LESSONS FROM THE PURPLE BRICKS CRASH

Case of CONSTRUCTION or DISRUPTION
DALLAS SHERRINGHAM
THJE sudden demise of the Purplebricks online real estate outfit is a perfect example of starting an online business that offers nothing different to the existing market apart from the chance of a cheaper price.

The Australian real estate market is one of the most competitive and internet savvy industries anywhere in world. However its basis is the fact that it offers modern, friendly walking shop fronts on every key location.
 
And homeowners enjoy the personal assistance of a professional agent to walk them through the sales and marketing process and organize open homes and auctions.
 
Purplebricks, a success in Britain and Canada, but struggling in the USA, failed to offer a significant point of difference and a significant improvement over the existing real estate business model.
 
And therein lies the lesson for us all. You can’t simply bring a successful overseas business to Australia and hope it works.
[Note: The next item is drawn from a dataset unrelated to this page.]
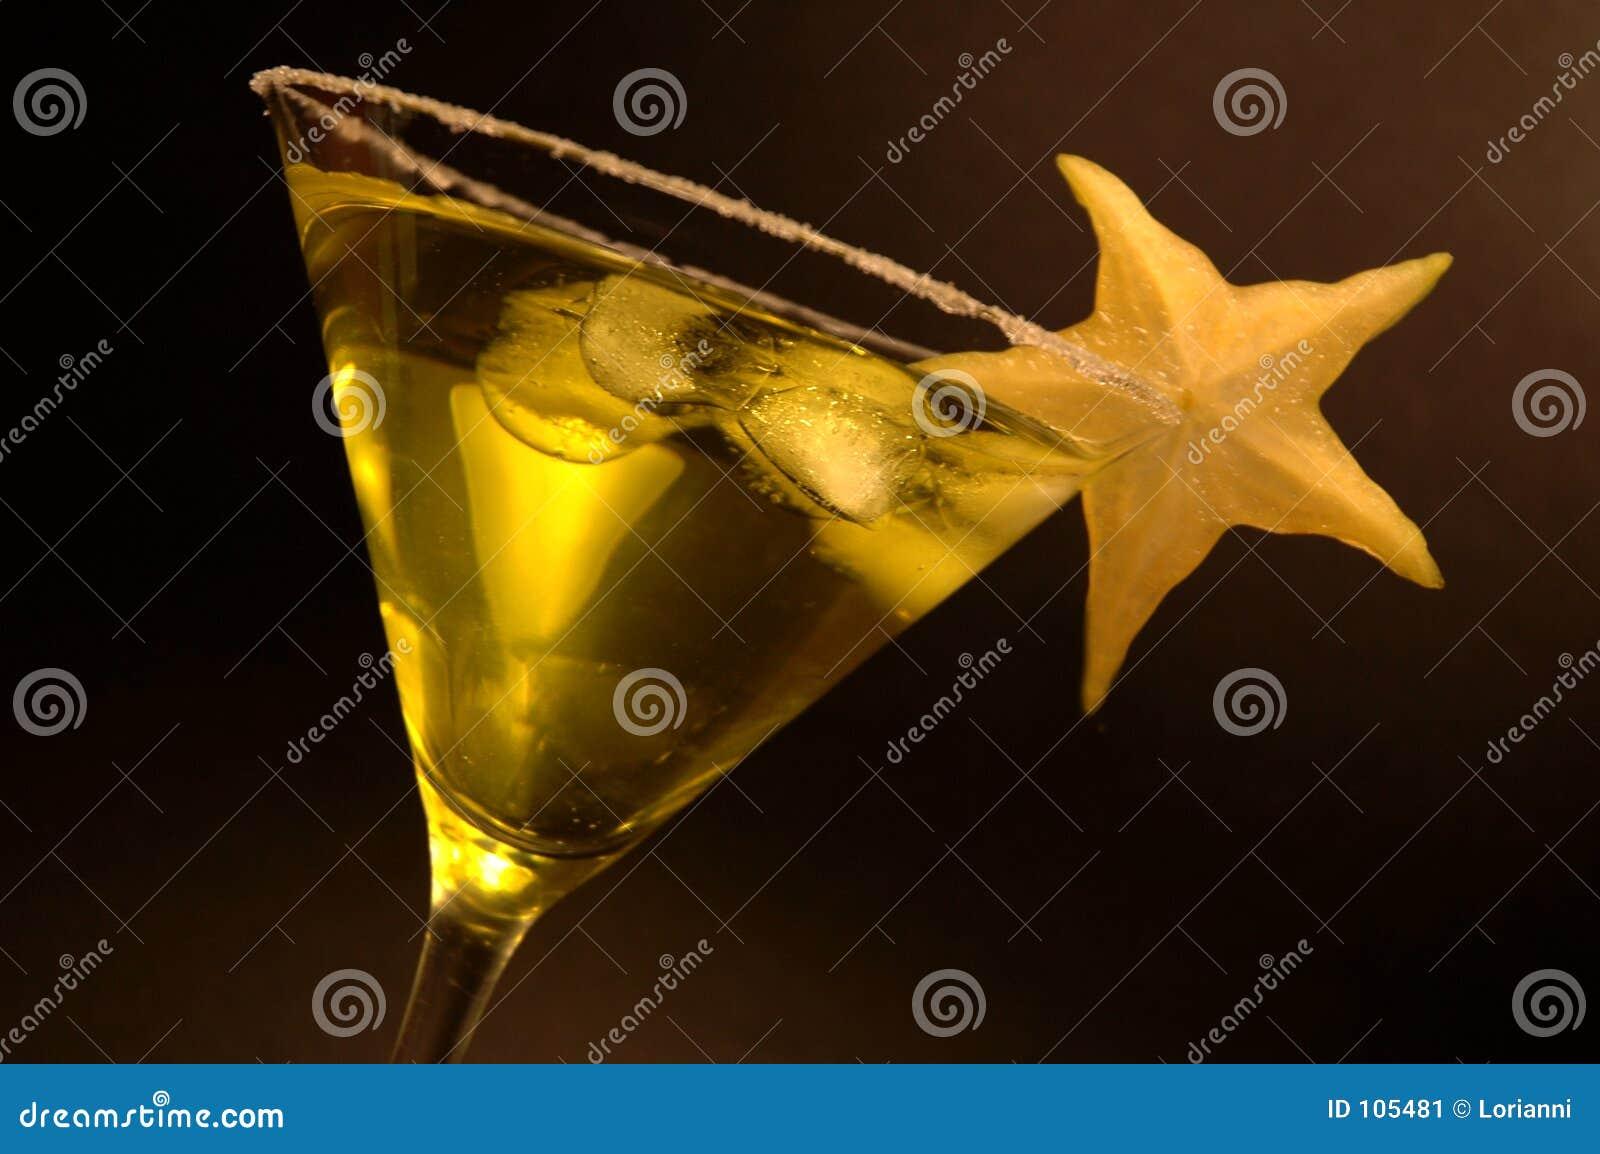 trinken sie im martini glas mit sternfrucht 1 stockbild bild 105481. Black Bedroom Furniture Sets. Home Design Ideas

You have to understand the unique Australian market and what buyers expect.
 
Purplebricks took a confrontational approach to its marketing, claiming it could slash agents’ commission fees while offering the same service. This meant right from the start it had the might and power of the real estate industry against it.
 
Comes to a head
 
It all came to head recently when Purplebricks management announced it will exit the Australian market.
 
After creating a stir and much controversy since opening its doors in Australia, the fair fixed-fee network will wind up its business in this country.
 
Purplebricks Group CEO Vic Darvey said that, after much consideration, the business had made the “difficult decision” to close the Australian business.
 
“We’ve been operating here for two and half years and, unfortunately, we have been unable to make the progress in the Australian market that we’ve wanted, despite the tireless efforts of our employees.”
 
“Our present intention is that, over the next few months, we manage the process of closing down the Australian business in an orderly way, attempting to minimise disruption for both our people and our customers.”
 
Mr Darvey said that Purplebricks would take no further listings in Australia, but it intended to engage with customers to finalise all existing agreements.
 
“This is not a decision we have taken lightly, but with market conditions becoming increasingly challenging, we do not believe that the prospective returns in Australia are enough to justify continued investment.”
 
Chad Knight, leading agent for the Wisebery Group said the online business was doomed to failure because vendors were more interested in getting the maximum return for their sale property, rather than cutting agents’ fees.
 
“For example, a property will get a lot more exposure and will probably sell for a lot more in the hands of a top agent, rather than just listing it with an online company just to save a few dollars,” he said.
 
It now remains to be seen if another major player comes into the online market with a better model. The leading real estate sites in Australia are Domain.com.au and Realestate.com.au
 
They both complement the existing real estate market rather than disrupting it…and therein lies the key to their success.
In some industries it still pays to be a ‘constructor’ rather than a ‘disrupter’.


editor

Publisher and editor, Michael Walls.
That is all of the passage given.